16. A process for preparing a catalytic article for treating an exhaust stream, which comprises
- applying a slurry comprising a first catalyst containing a precious metal component, a second catalyst containing a molecular sieve component and a pore-forming agent onto a substrate, optionally drying, and calcining to form a coating layer in a first coating configuration,
or
- applying a first slurry comprising a first catalyst containing a precious metal component onto a substrate and drying and/or calcining to form a first coating layer, and then applying a second slurry comprising a second catalyst containing a molecular sieve component and a pore-forming agent, optionally drying, and calcining to form a second coating layer in a first coating configuration,
wherein the pore-forming agent is in form of particles and used in an amount of at least 15%by weight, based on the loading of the coating layer in the first coating configuration or the second coating layer in the second coating configuration respectively.
17. The process according to Embodiment 16, wherein a catalytic article for treating an exhaust stream according to any of Embodiments 1 to 15 is prepared.
18. The process according to Embodiment 16 or 17, wherein the pore-forming agent is used in an amount of at least 18%by weight, based on the loading of the coating layer in the first coating configuration or the second coating layer in the second coating configuration respectively.
19. The process according to Embodiment 18, wherein the pore-forming agent is used in an amount of at least 20%by weight, based on the loading of the coating layer in the first coating configuration or the second coating layer in the second coating configuration respectively.
20. The process according to any of Embodiments 16 to 19, wherein the pore-forming agent is used in an amount of 50%by weight or less, based on the loading of the coating layer in the first coating configuration or the second coating layer in the second coating configuration respectively.
21. The process according to Embodiment 20, wherein the pore-forming agent is used in an amount of 40%by weight or less, based on the loading of the coating layer in the first coating configuration or the second coating layer in the second coating configuration respectively.
22. The process according to any of Embodiments 16 to 21, wherein the pore-forming agent is selected from organic materials such as natural and synthetic polymers, organic small molecule compounds, inorganic materials such as inorganic salts and carbon materials, cellulose-containing natural materials, and any combinations thereof.
23. The process according to Embodiment 22, wherein the pore-forming agent is selected from polyether polyols such as polyethylene glycols and alkyl-capped derivatives thereof, styrenic homopolymers or copolymers such as polystyrenes, poly (meth) acrylic acids and ester derivatives thereof such as polymethyl methacrylate, celluloses, ether and ester derivatives of celluloses, polyvinyl alcohols, polyvinyl pyrrolidones and any combinations thereof.
24. The process according to any of Embodiments 16 to 23, wherein the pore-forming agent has an average particle size D50 in the range of from 15 to 25 μm.
25. The process according to Embodiment 24, wherein the pore-forming agent has an average particle size D50 in the range of from 17 to 21 μm.
26. A system for treating an exhaust stream, which comprises a reductant source (e.g.

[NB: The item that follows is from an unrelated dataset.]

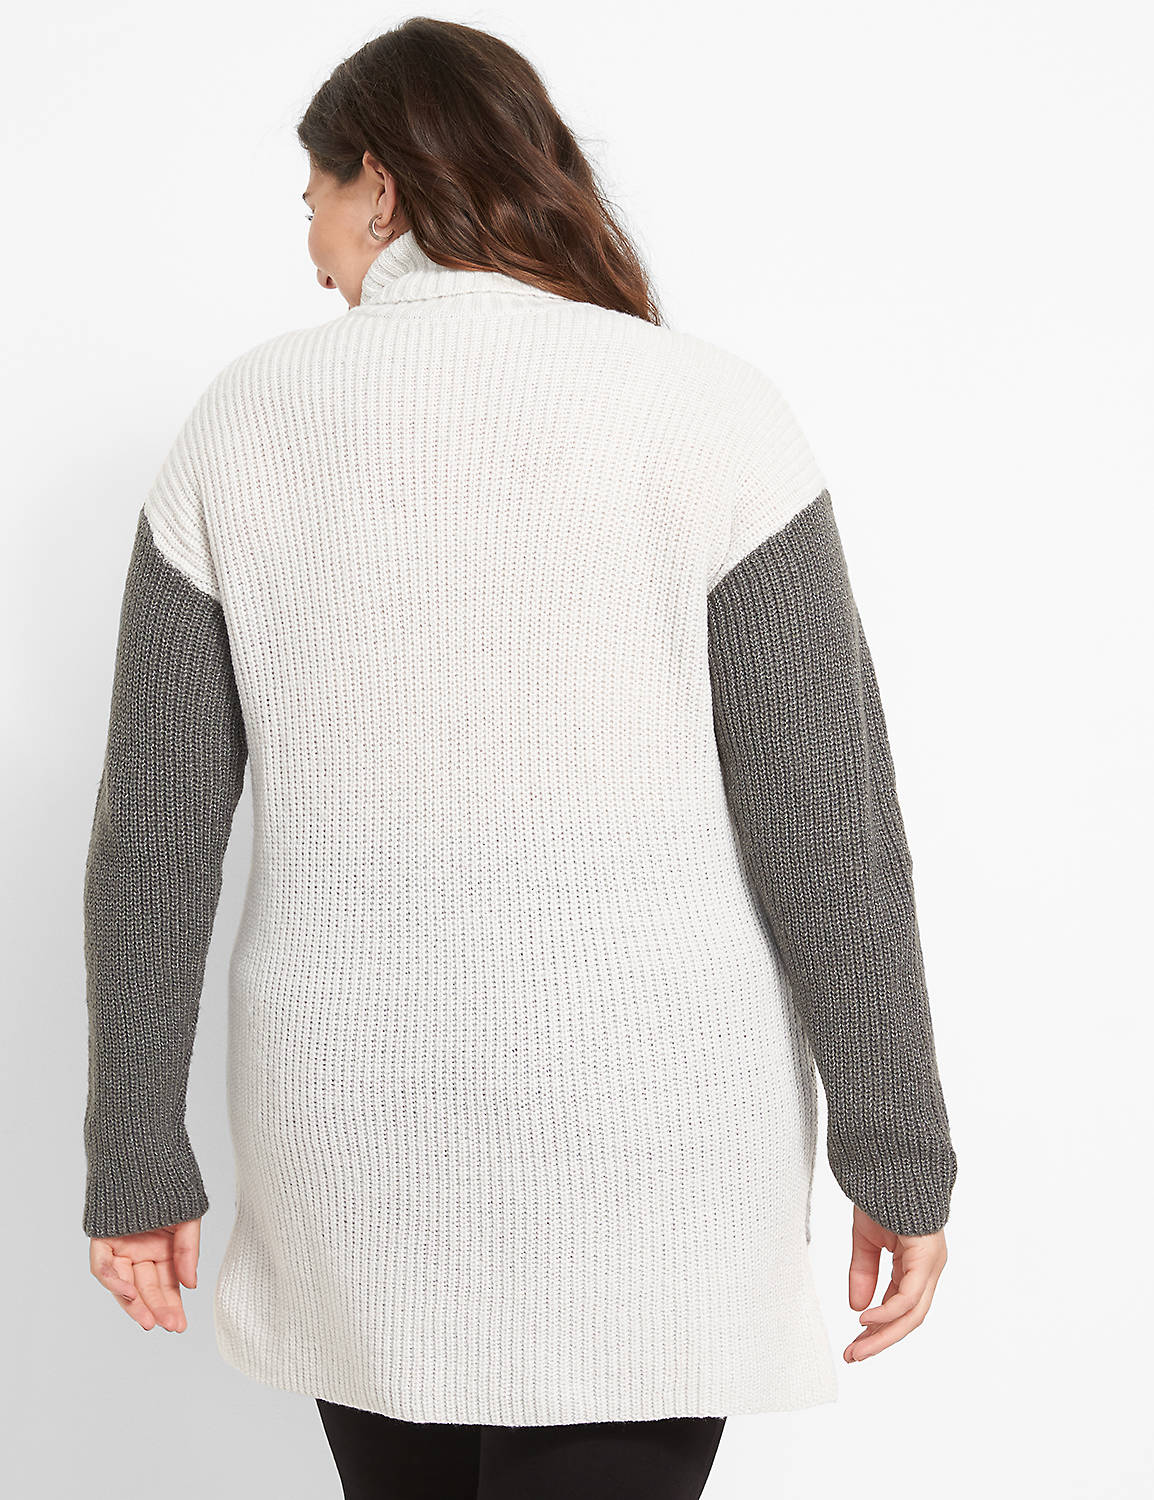 Long Sleeve Turtleneck Colorblock Pullover 1124657:BC04 Heather grey:10/12 Product Image 2

NH3 or a precursor thereof) , the catalytic article according to any of preceding Embodiments 1 to 10 or the catalytic article obtained from the process according to any of Embodiments 11 to 17, and optionally one or more of diesel oxidation catalyst (DOC) , selective catalytic reduction catalyst (SCR) , three-way conversion catalyst (TWC) , four-way conversion catalyst (FWC) , non-catalyzed or catalyzed soot filter (CSF) , NOx trap, hydrocarbon trap catalyst, sensor and mixer.
27. The system according to Embodiment 26, wherein the exhaust stream originates from an internal combustion engine, especially a diesel engine.
28. A method for treatment of an exhaust stream containing nitrogen oxides, which comprises contacting the exhaust stream with the catalytic article according to any of preceding Embodiments 1 to 15 or the catalytic article obtained from the process according to any of Embodiments 16 to 25, or passing the exhaust stream through the system as defined in Embodiment 26 or 27, in the presence of NH3 as a reductant.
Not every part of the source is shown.